Recientemente Alfonso Zapico, Premio Nacional de Cómic 2012, ha estado compartiendo con el personal de la D.O. Tacoronte-Acentejo unas intensas jornadas de trabajo en esta comarca vitivinícola del norte de la isla de Tenerife. Su llegada tuvo lugar el 5 de junio y permaneció en la comarca hasta el 8 de junio del presente. En esos días, además de entrar en contacto directo y satisfacer a los seguidores de su obra con laboriosas dedicatorias en las sesiones de firmas que tuvieron lugar en la lagunera Librería Lemus, también pudo disfrutar y conocer las particularidades de nuestra característica viticultura y probar los vinos que se elaboran en la comarca acompañado de Manuel Darias (“Historieta”, Diario de Avisos), Paco Lemus (Librería Lemus) y Santiago Suárez (D.O. Tacoronte-Acentejo).

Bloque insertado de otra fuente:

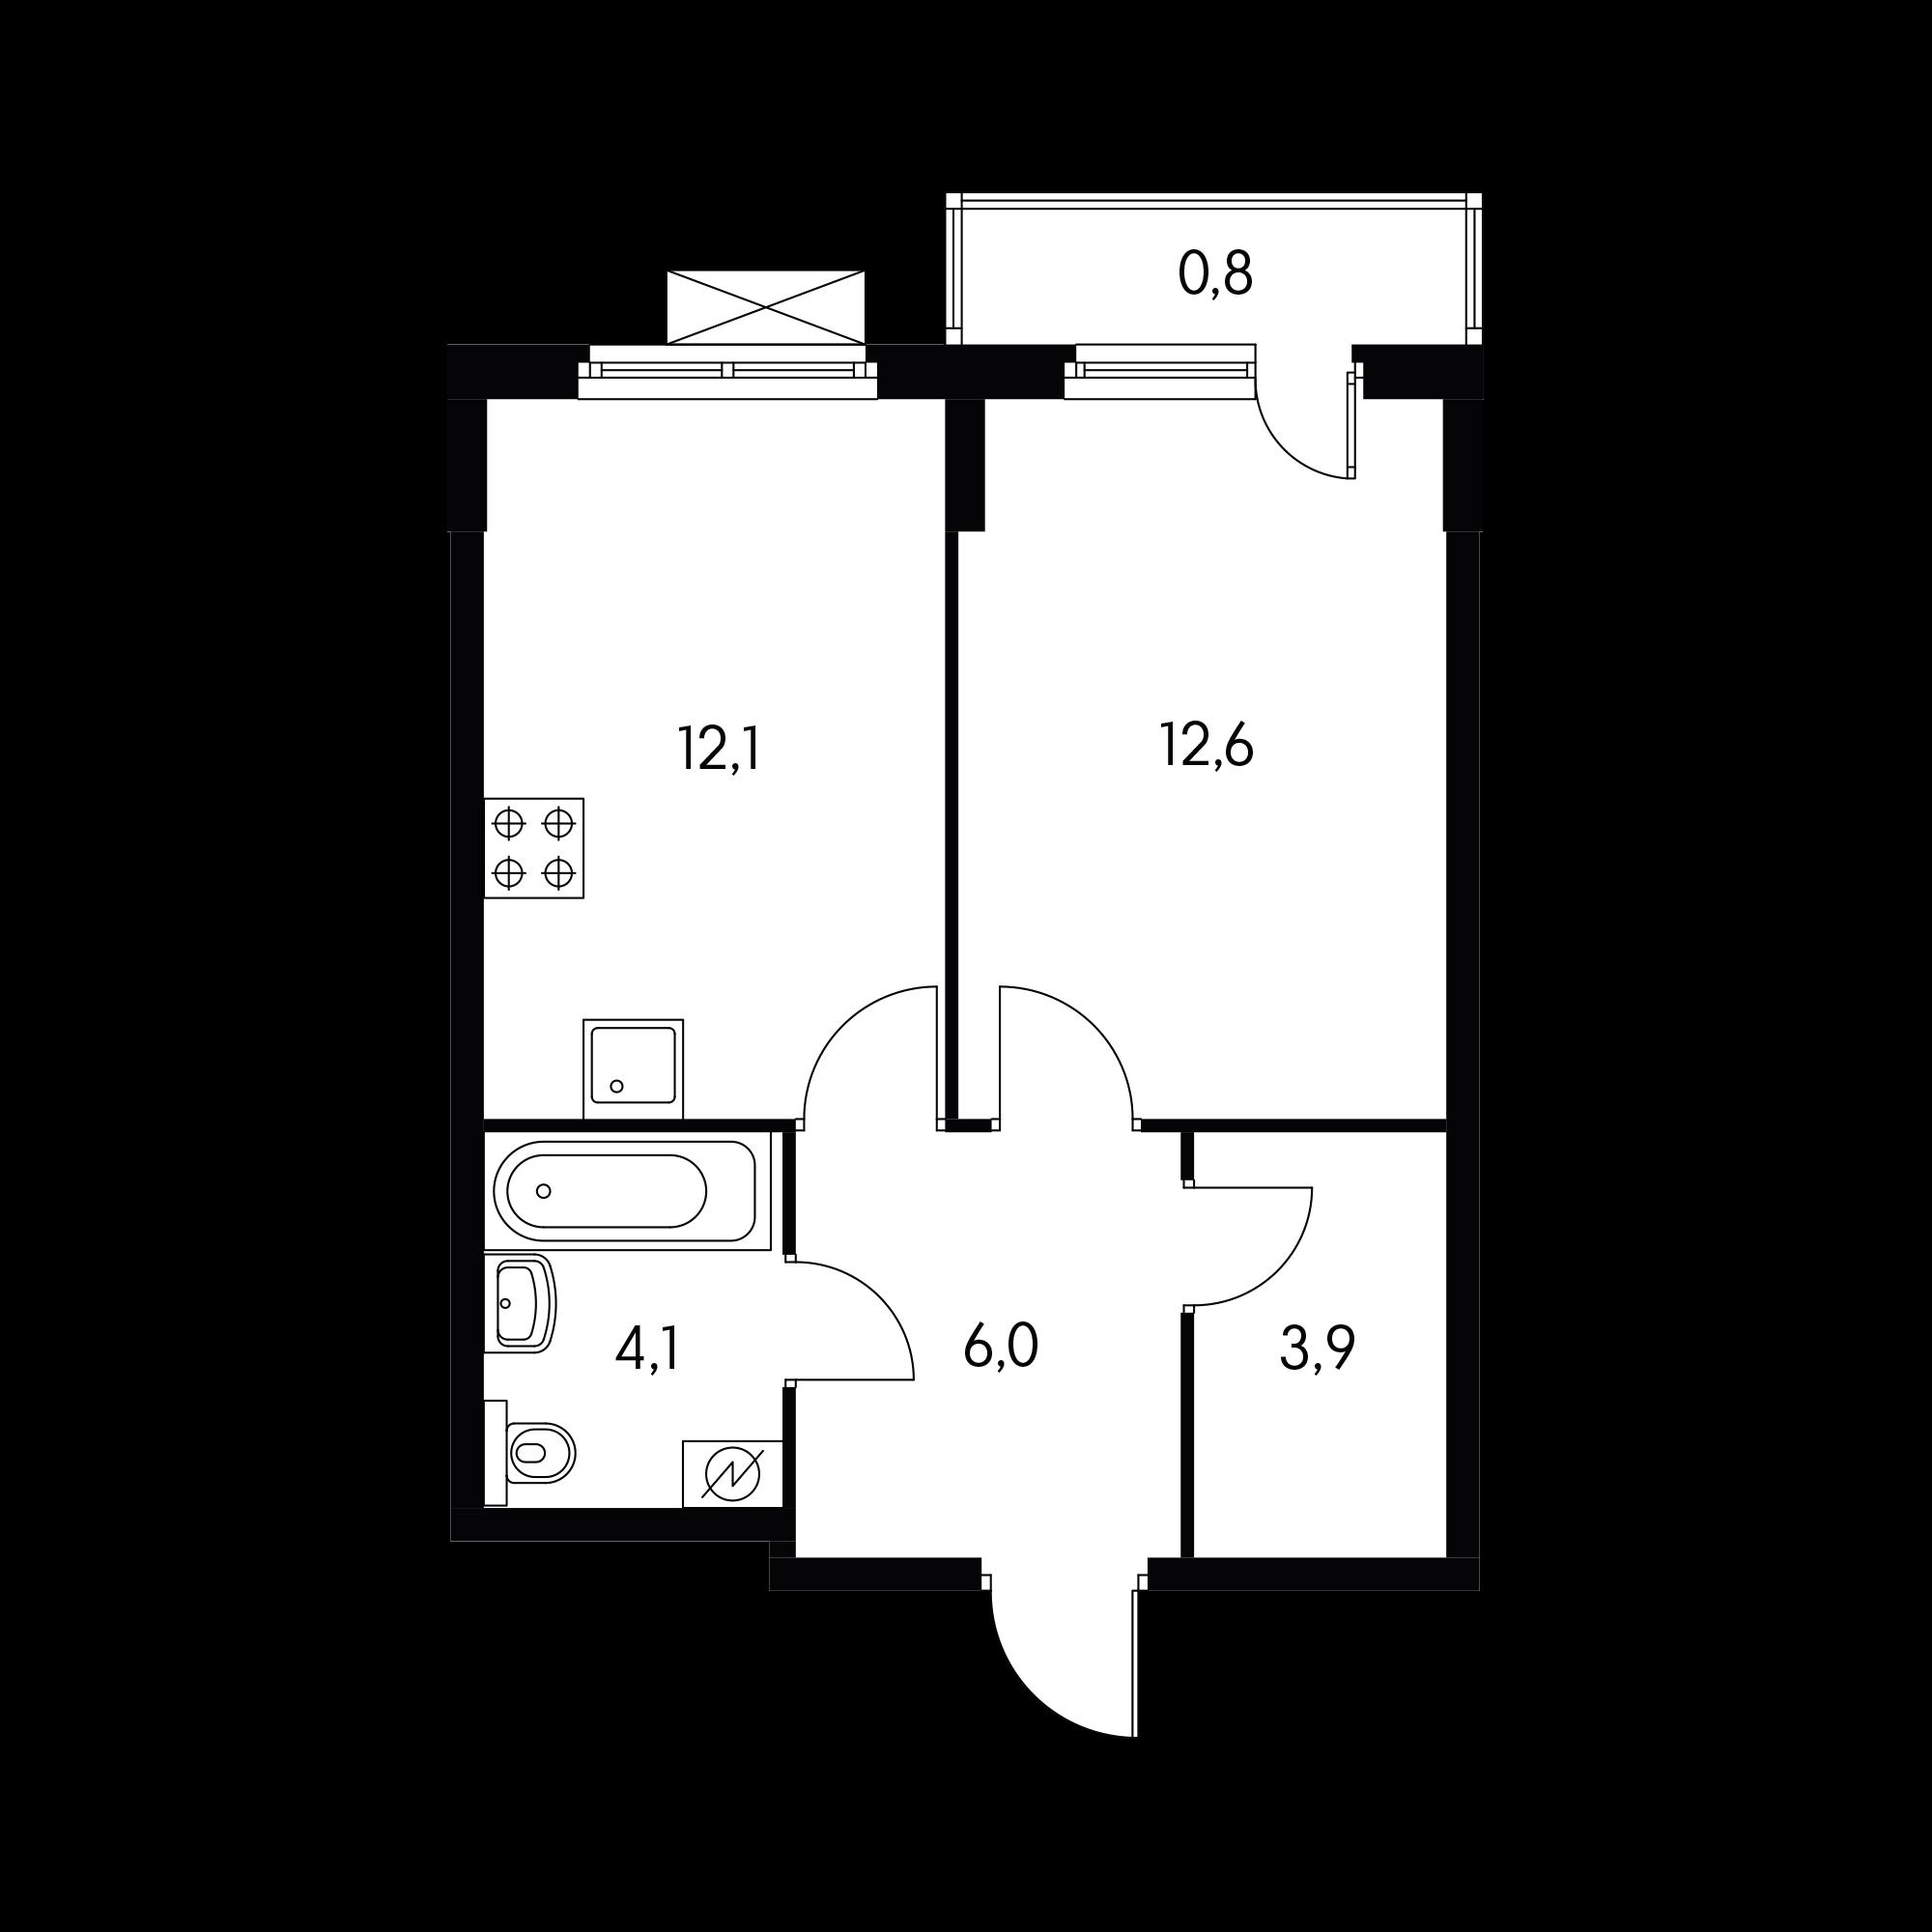 1-1_7

En esta ocasión, además de viñedos se visitaron las Bodegas Domínguez Cuarta Generación y Bodega El Mocanero, situadas ambas en el municipio de Tacoronte. En estas visitas, responsables de sendas bodegas –Gabriel Morales e Ismael Díaz respectivamente–, dieron a conocer las características de sus elaboraciones típicas. En Bodega El Mocanero, pudo conocer los detalles del proceso de elaboración del Tinto Maceración Carbónica y degustarlo; mientras que en Bodegas Domínguez Cuarta Generación, se tuvo la ocasión de degustar el famoso Malvasía de esta bodega.

Obviamente, se comentó la viñeta de su obra “Dublinés” en la que aparece el protagonista de la misma, James Joyce, deleitándose ante una copa de “Canary Sack” de Tacoronte, en un restaurante de la capital irlandesa acompañado por otros ilustres literatos. Una bonita viñeta que hace un gran guiño a nuestros vinos y nuestra tierra.

Como curiosidad, también señalar que precisamente es otra obra de Alfonso Zapico, “Café Budapest”, por la que el proyecto TEBEOS CON CLASE (http://www.gobiernodecanarias.org/educacion/WebDGOIE/scripts/default.asp?IdSitio=12&Cont=44&Mod=10&P=645) impulsado por el CEP La Laguna en el que colabora la D.O. Tacoronte-Acentejo activamente desde su aparición, ha sido ampliamente trabajada con los escolares de secundaria en Canarias como vehículo de animación real a la lectura.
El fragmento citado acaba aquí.